Come ricostruisce il Corriere dello Sport, l’impianto accusatorio si è progressivamente sgretolato nel corso delle indagini, fino a lasciare spazio a un quadro completamente diverso rispetto a quello ipotizzato inizialmente. Gli stessi magistrati hanno riconosciuto l’assenza di elementi concreti in grado di sostenere le accuse formulate nella fase preliminare.
“Vuoto probatorio”: la Procura scagiona Rocchi e l’Inter
“Ipotesi, suggestioni, sentimenti forse generati da quei rapporti scivolosi (ma non illegali) con il potere. E comunque, mai prove, cioè quegli elementi decisivi che poi configurano i reati. Pulito e limpido Rocchi, innocente anche l’Inter. Così l’inchiesta arbitri, priva di fondamento, si è dissolta. La Procura della Repubblica nell’atto di archiviazione che riguarda il club nerazzurro a firma dei pm Ascione e Ielo (per Rocchi servirà il provvedimento del Gip, comunque atteso) ha parlato addirittura di «un vuoto probatorio». A buttare giù, pezzo dopo pezzo, il castello accusatorio sono stati gli stessi inquirenti che lo avevano eretto, spazzando via la prospettiva di una frode sportiva, pur generica e non specifica“, sottolinea il Corriere dello Sport.

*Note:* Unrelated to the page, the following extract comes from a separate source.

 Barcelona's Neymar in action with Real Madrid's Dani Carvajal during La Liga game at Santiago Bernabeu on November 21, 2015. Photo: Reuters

Il quotidiano evidenzia inoltre come le indagini abbiano escluso qualsiasi comportamento irregolare sia da parte dell’allora designatore arbitrale Gianluca Rocchi sia da parte dell’Inter. “Non è stata riscontrata non soltanto perché manca il famoso schema analogo a quello della corruzione, ma pure perché l’operato del designatore è stato corretto e l’Inter ha sempre e solo agito tramite il suo rappresentante Giorgio Schenone, l’addetto agli arbitri, il quale non avrebbe mai interloquito direttamente con Rocchi se non in una circostanza a San Siro, quindi in presenza anche di altre persone. […] La versione dell’ormai ex designatore – i rapporti li curava Pinzani, il dirigente Aia incaricato di fare proprio questo – è stata per larghi tratti confermata: Rocchi aveva detto di non aver mai ricevuto pressioni e che mai nessuno si era permesso di dargli delle indicazioni. Al telefono in tanti (forse troppi) commentavano le sue scelte, l’uomo che però ogni domenica indicava gli arbitri per le partite del campionato è sempre andato dritto per la propria strada. Elementi per affermare che abbia agevolato l’Inter, insomma, non ve ne sono”.
L’archiviazione rappresenta quindi la parola fine su una vicenda che aveva acceso il dibattito nel calcio italiano. Per la Procura non esistono prove di pressioni, favoritismi o comportamenti tali da alterare la regolarità del campionato, sancendo così la completa estraneità dell’Inter e di Rocchi rispetto alle accuse ipotizzate inizialmente.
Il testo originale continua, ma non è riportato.